For Immediate Release - June 29, 2016

State Officials Celebrate Opening of Ferrous Park in Lawrence

4.5 Acre Park is Located on Former Brownfield Site

LAWRENCE – June 29, 2016 –Energy and Environmental Affairs (EEA) Secretary Matthew Beaton joined state and local officials to celebrate the opening of a 4.5 acre park on the Ferrous site, a former brownfield in Lawrence at the union of the Spicket and Merrimack Rivers. EEA’s Gateway City Parks Program provided $2.75 million to fund the land acquisition, design, and construction of the new park.

“Urban parks are vital to ensure a high quality of life for those living in the Commonwealth’s cities,” said Governor Charlie Baker. “We are proud to be able to provide the City of Lawrence and other Gateway Cities with the resources to create beautiful open spaces for their residents.”

“The creation of Ferrous Park is a great example of how the state can work with our municipal and private partners to ensure the success of important local projects, while revitalizing areas like the City of Lawrence’s North Canal District,” said Lieutenant Governor Karyn Polito.

Ferrous Park will be used for passive recreation, educational and interpretive programs and events. The park is a model for urban ecological restoration, as it is located on the site of a former foundry that ceased operation in 2001. 

“Not only does Ferrous Park provide the residents of Lawrence with great opportunities for outdoor recreation, the park both restores the site’s ecology and reduces pollution in the Merrimack River,” said EEA Secretary Matthew Beaton. “The Baker-Polito Administration is dedicated to protecting our natural resources and providing access to open space to all Commonwealth residents, regardless of zip code.”

Creation of the park from acquisition through construction was managed on behalf of the City of Lawrence by Groundwork Lawrence. The Ferrous site is now owned by the City, with Groundwork holding an easement to ensure that the park is forever a recreational resource for Lawrence residents.  The park design team was led by Stephen Stimson Associates and included the D.I.R.T. studio, Nitsch Engineering and RSE Associates.  Argus Construction was the general contractor.

“I want to thank Governor Baker and his administration for their work on this project, and I want to thank our State Delegation for advocating for this grant on behalf of the City of Lawrence,” said Lawrence Mayor Daniel Rivera. “This new open space sits at one of the main entrances to the City. What was once an eyesore is now an area that residents can go to daily to walk, run, fish or take in the scenery. It is something that we should be proud of—something that makes Lawrence better.”

“The Ferrous site was not just a wish for an open and safe park,” said Groundwork Lawrence Executive Director Heather McMann. “There was a need that persisted for over twenty years to transform a polluted brownfield into the capstone of the Spicket River Greenway. To make our cities, our neighborhoods, and our lives better.

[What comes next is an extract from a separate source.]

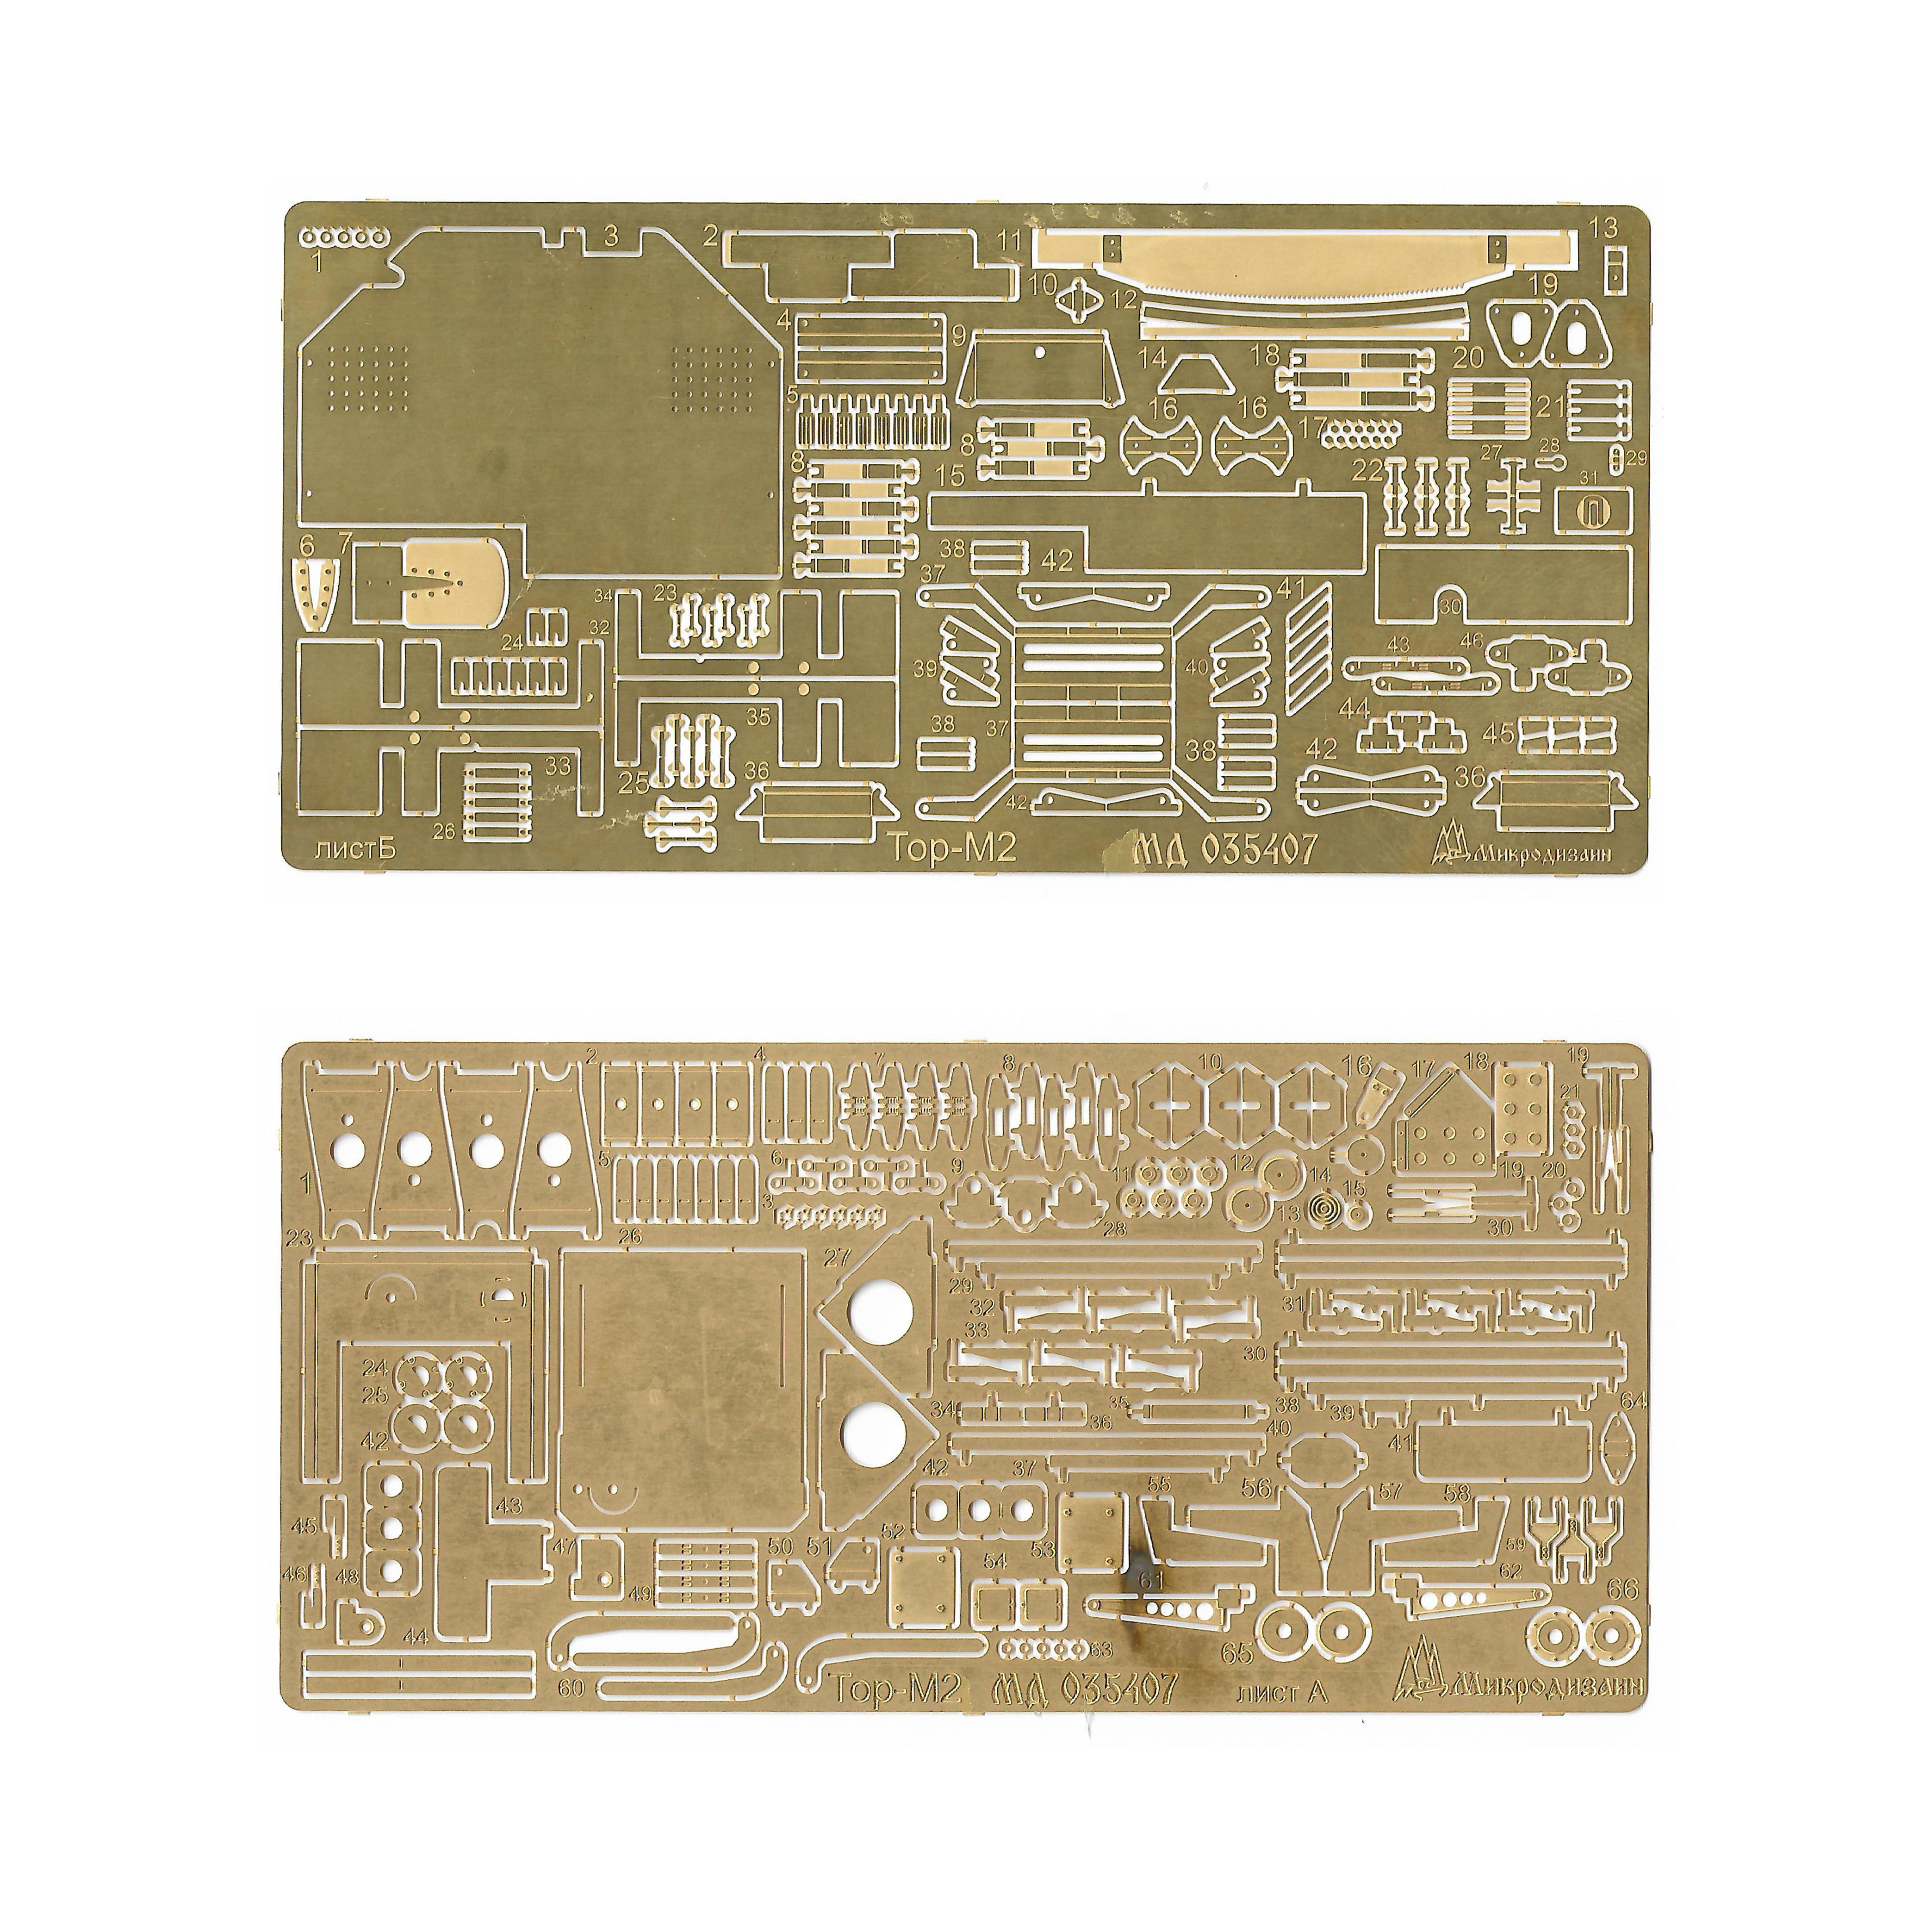 035407 Microdesign 1/35 Basic Kit for TOR-М2

And to get what we all deserve: a great place to live, work and play.”

Since 2001, trees and other vegetation have grown on the Ferrous site, creating a true “urban wild” on this riverfront site, a habitat the park design worked hard to enhance.  The sand once used for castings in the foundry forms a hill about 25 feet high, one of the more prominent features of the new park. The design also includes a rain garden and other green infrastructure to treat and recharge stormwater from the adjacent industrial site, addressing the direct discharge of untreated runoff into the Merrimack River that occurred previously.

The site is located the union of the Spicket and Merrimack Rivers, and is within the North Canal Historic District.  The Ferrous Site is also a capstone for the Spicket River Greenway, a walking path along the Spicket River previously funded by the Gateway City Parks Program that connects a series of parks in the Arlington neighborhood, a low-income, minority community.

“I join my fellow colleagues of the Lawrence legislative delegation in celebrating the transformation of the old Ferrous Site and encourage residents from across the City to take advantage of all this beautiful park has to offer,” said State Representative Diana DiZoglio (D-Methuen).

“It’s a great feeling to play a role along with Mayor Dan Rivera, Lawrence’s State House delegation and state environmental officials in seeing this property in the North Canal Historic District transformed into a wonderful resource for residents to recreate or just enjoy the scenery,” said State Senator Barbara L’Italien (D-Andover).

“I can't thank my colleagues in state government, especially in Governor Baker’s administration, enough for their support and efforts in making such a beautiful green space for Lawrence,” said State Representative Frank A. Moran (D-Lawrence). “At its core, the Ferrous site is truly a joint effort for the collective benefit of all Lawrence residents.”

“More than a decade ago, I as a city council president was a part of the decision to approve the demolition on that very spot (Ferrous Park), said State Representative Marcos Devers (D-Lawrence). “Now we can see the beautiful utilization of that space. A great contrast that makes me feel proud of the decision that we (city councilors) made in 2003.”

EEA’s Gateway City Parks Program funds the creation or restoration of significant urban parks and trails in the Commonwealth’s 26 Gateway Cities. Investments are typically focused on sites and projects that are difficult to achieve through other programs, and that contribute to broader revitalization efforts.